蔡侯归自晋,入于郑。郑伯享之,不敬。子产曰:“蔡侯其不免乎!日其过此也,君使子展迋劳于东门之外,而傲。吾曰犹将更之。今还,受享而惰,乃其心也。君小国,事大国,而惰傲以为己心,将得死乎?若不免,必由其子。其为君也,淫而不父。侨闻之,如是者,恒有子祸。”((p 1142)(09280601))(109)

《襄三十年经》:

夏四月,蔡-世子般弑其君固。((p 1169)(09300002))(109)

《襄三十年传》:

蔡景侯为大子般娶于楚,通焉。大子弑景侯。((p 1173)(09300501))(109)

《襄三十年经》:

冬十月,葬蔡景公。((p 1169)(09300008))(109)

我的粗译:

四年后,我们襄公二十八年(公元前五四五年,周灵王二十七年,晋平公十三年,楚康王十五年,蔡景公四十七年,郑简公二十一年),蔡侯(固,蔡景公)从晋国回蔡国,这年秋八月,走到“郑”,进了城,郑伯(郑伯-嘉,郑简公)设宴招待他,但他却很放肆。于是郑国的卿子产(公孙侨)批评:“蔡侯其不免乎!日其过此也,君使子展(郑国执政的卿公孙舍之)迋劳于东门之外,而傲。吾曰犹将更之。今还,受享而惰,乃其心也。君小国,事大国,而惰傲以为己心,将得死乎?若不免,必由其子。其为君也,淫而不父。侨(公孙侨,子产)闻之,如是者,恒有子祸。(蔡侯怕是要遇害了吧!前些天他从这儿过,主上派子展到东门之外慰劳他,他就很瞧不起人。我还说他以后会改。现在他回来了,参加正式宴会还这么轻慢,看来这是他本性。当着个小国主上,得侍奉大国,却有这么轻慢瞧不起人的性子,能得好死吗?要遇害,肯定是他儿子干的。他这个主上,没个做父亲的样子,还很好色。“侨”听说,这种人,肯定会被儿子害死。)”。
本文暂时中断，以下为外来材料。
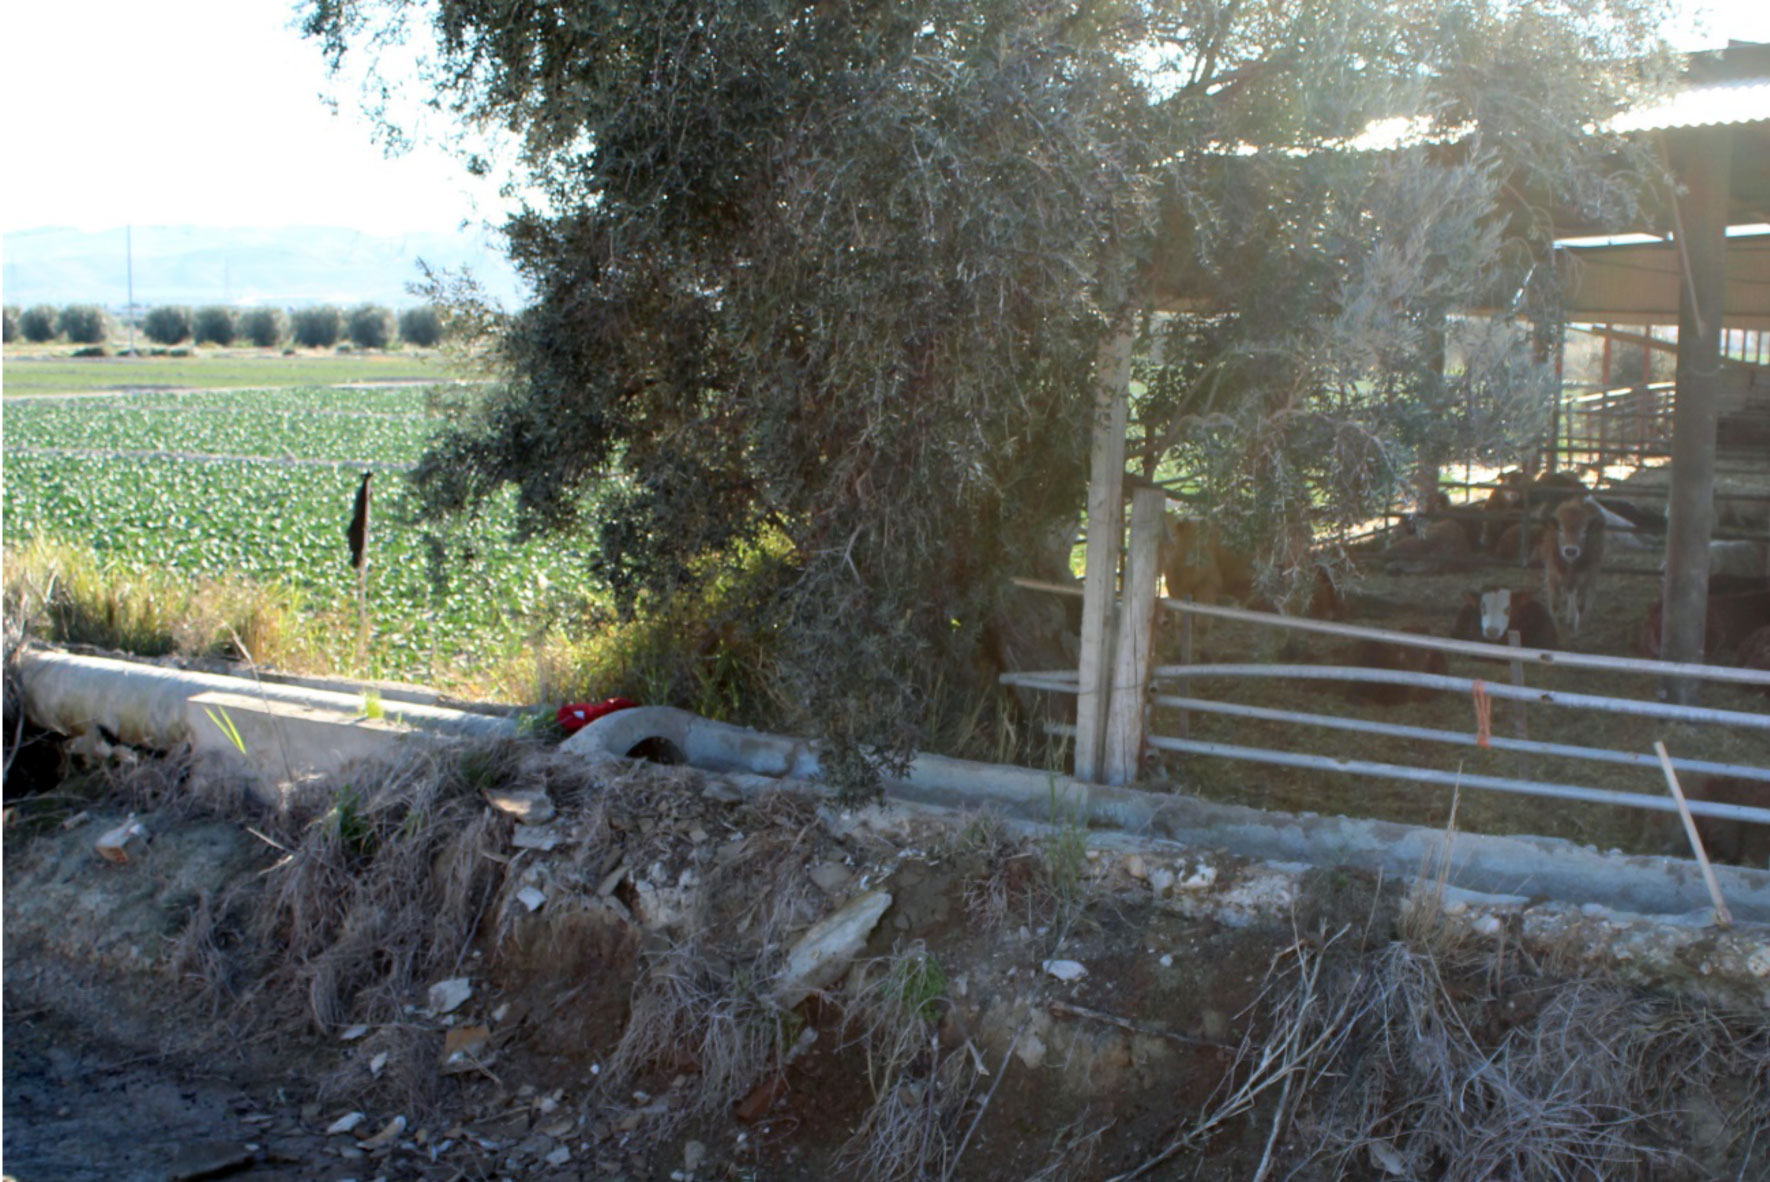 Foto 3. Canal de riego de aguas superficiales ubicado junto a una granja de ganado lo que supone un factor de riesgo elevado...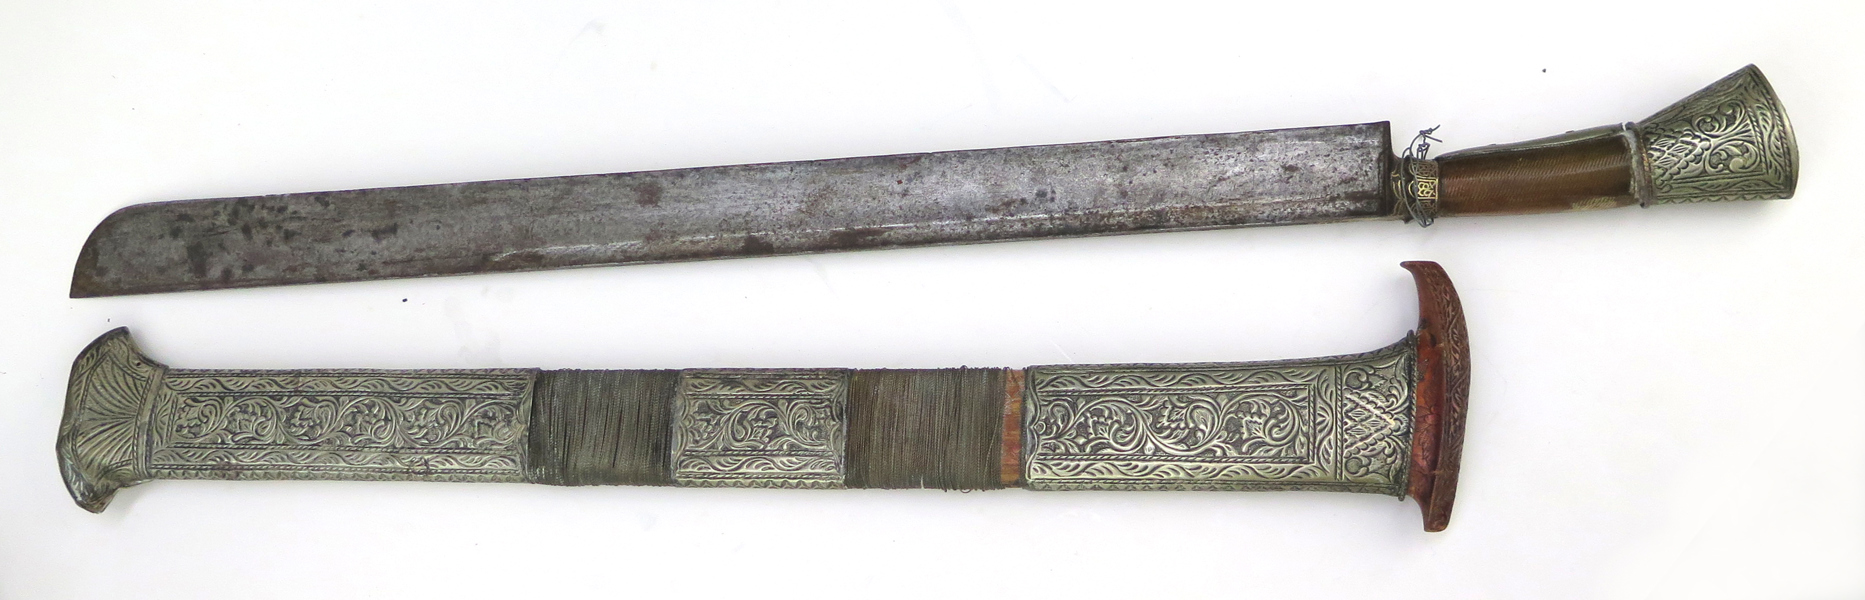 Kortsvärd i balja, så kallad Klewang, Malaysia, 1900-tal, fäste och balja i försilvrad metall, total l 70 cm_31540a_8dbb393f2b62075_lg.jpeg

两年后,我们襄公三十年(公元前五四三年,周景王二年,楚郏敖二年,蔡景公四十九年,陈哀公二十六年,郑简公二十三年),蔡景侯(固,蔡景公)为儿子大子般(世子般,后来的蔡侯-般、蔡灵公)从楚国娶来老婆,却与她私通。结果到这年夏四月,那位大子就弑杀了景侯(蔡景侯,固,蔡景公)。

一些补充:

杨伯峻先生注“蔡侯归自晋,入于郑”曰:

由晋(今侯马市)回蔡(今河南-上蔡县西南),须经过郑国国境。入于郑,谓入郑都,今新郑县。

杨伯峻先生注“日其过此也”曰:

日,往日,以前。过此,指往晋时经郑。

杨伯峻先生注“君使子展迋劳于东门之外”曰:

迋同往。劳,慰劳。

杨伯峻先生注“吾曰犹将更之”曰:

更,改也。

杨伯峻先生注“君小国”曰:

为小国之君。

杨伯峻先生注“事大国”曰:

郑大于蔡。

杨伯峻先生注“将得死乎?”曰:

得死,善终。将得死乎,言岂将得死乎,谓不得善终。若以恶死,曰不得其死。襄二十三年《传》之论崔杼,《论语•先进》之论子路皆云“不得其死”。

杨伯峻先生注“其为君也,淫而不父”曰:

与儿媳通奸,非父所应为,故云不父。

杜《注》“侨闻之,如是者,恒有子祸”云:“为三十年蔡-世子班弑其君传。”

杨伯峻先生注“蔡景侯为大子般娶于楚,通焉”曰:

二十八年《传》子产已言之。

“蔡”——“上蔡”推测位置为:东经114.25,北纬33.25(上蔡西南卢岗乡-翟村东二郎台周围。蔡国故城遗址,长方形城,东2490,西3187,南2700,北2113。西周至昭十三年(前529),蔡;昭十四年(前528)至战国,楚。昭十一年蔡灭,昭十三年复封于新蔡,哀元年因楚围请迁,哀二年迁于下蔡——州来)。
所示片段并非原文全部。